Abstract: Phase-change memories (PCMs) provide the benefits of nonvolatility and capacity, but they show low performance, high power consumption, and low endurance for write operations. Such PCM drawbacks are exacerbated in state-of-the-art video processors that code images blockby-block. In this letter, we propose a PCM subsystem that removes unnecessary write operations resulting from the block-by-block accesses of video processors. Experimental results show that our PCM subsystem improves the lifetime and performance of PCMs up to 716 times and 6.8 times, respectively, on average. Moreover, it makes PCMs consume 69.7 times lower power than the conventional PCM subsystem, on average.

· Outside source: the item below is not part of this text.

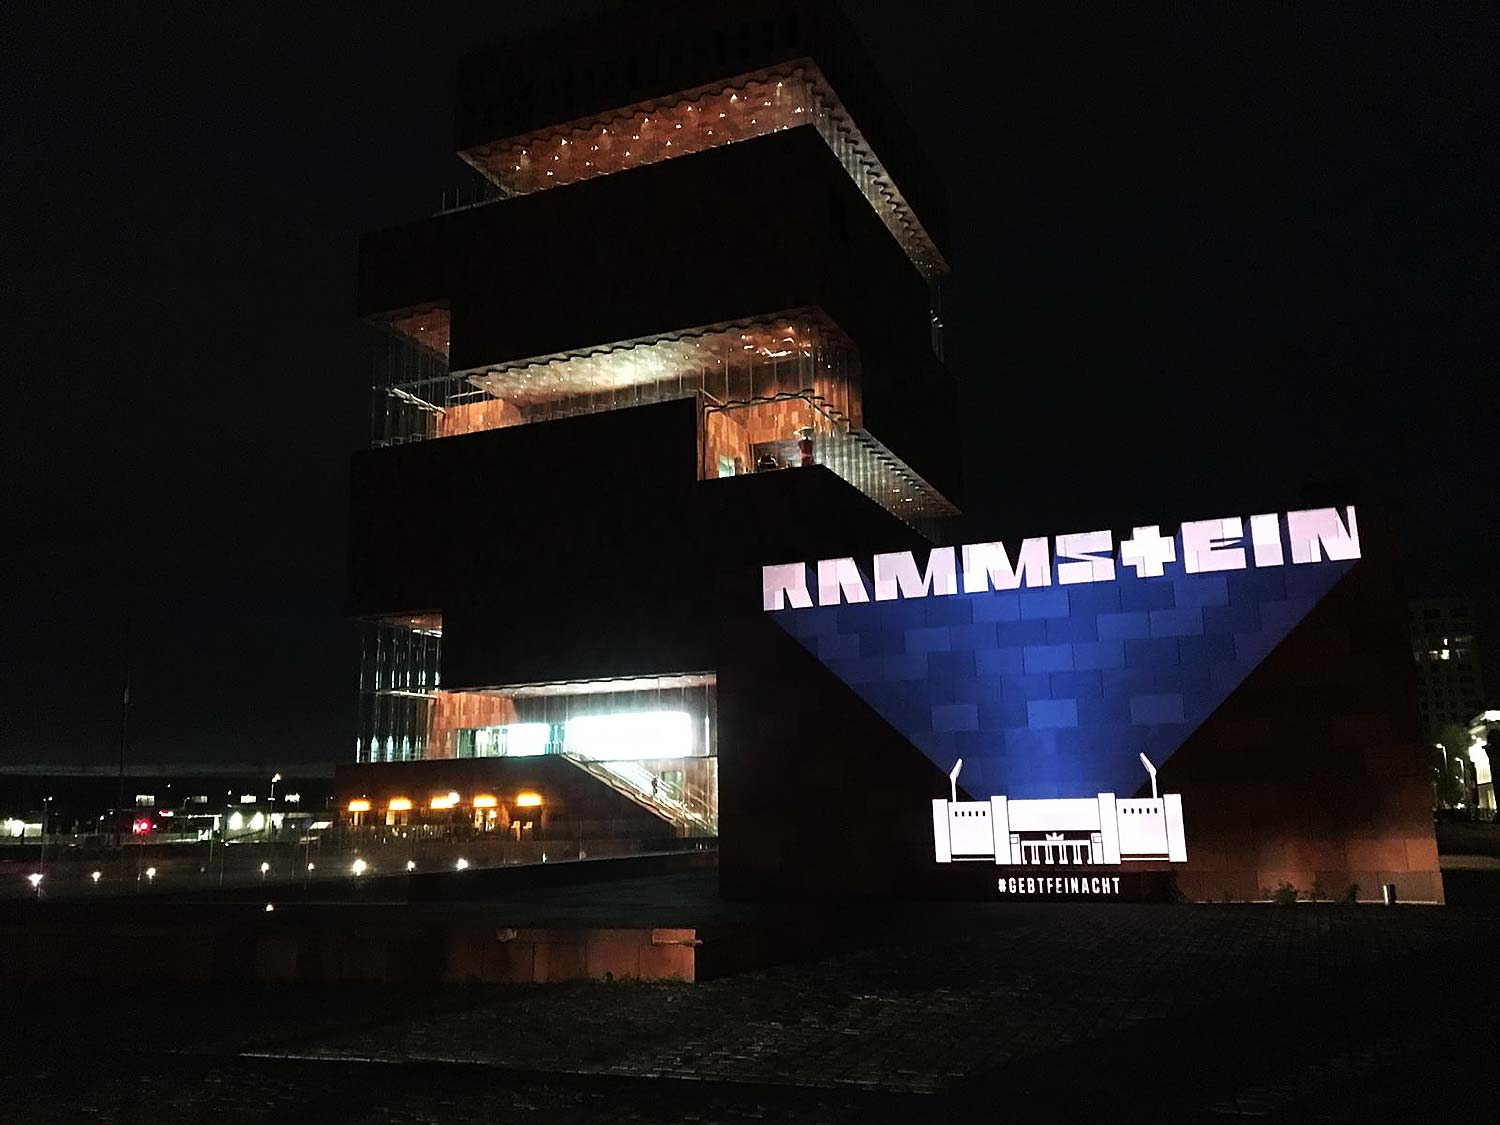 Rammstein. Stadion Tour 2019. 14

[10] Open core protocol specification (2013) http://www.accellera.org.
Introduction
As dynamic random access memories (DRAMs) are approaching the limit of process scaling, reliability, and power consumption, phase-change memories (PCMs) have recently attracted considerable attention [1] . PCMs that have a non-volatile storage mechanism amenable to process scaling with high reliability are more advanced than other non-volatile memories in practical use. Therefore, PCMs have been considered as a scalable DRAM alternative [2] . Fig. 1 shows a PCM cell and its operations. The PCM cell employs the large resistivity difference between the top electrode and the heater by the phase-change material. Let an electrical current pass through the phase-change material in Fig. 1(a) . The set and reset state of a PCM cell refers to the crystalline phase and the amorphous phase, respectively. For resetting a PCM cell to the amorphous phase, an access transistor injects a large electrical current pulse into the PCM cell, and thermally induces a high-resistance state. First, a programming region is melted, and then quenched rapidly for a short time period. Next, the region of the amorphous and highly resistive material is formed. For setting a PCM cell to the crystalline phase, an access transistor injects a medium electrical current pulse into the PCM cell, and thermally induces a low-resistance state. A programming region is annealed between melting temperature and crystallization for a sufficiently long period of time to crystallize. For reading the phase of a programming region, the resistance of a PCM cell is measured by passing an electrical current small enough not to disturb the current phase. The schematic pulse shapes for writing and reading operations are summarized in Fig. 1(b) .
Such a PCM write operation requires a large electrical current, and the resulting thermal stress reduces the endurance of billions of write operations per PCM cell. Because of this limitation, it may be difficult to position PCMs mainly as a DRAM replacement. Previous works have improved the latency, power consumption, and finite endurance of PCMs for general-purpose processors [2, 3, 4] , but they are not effective for video processors performing the latest block-based image coding algorithms [5, 6, 7] . Therefore, PCM subsystems should consider not only generalpurpose processors, but also video processors.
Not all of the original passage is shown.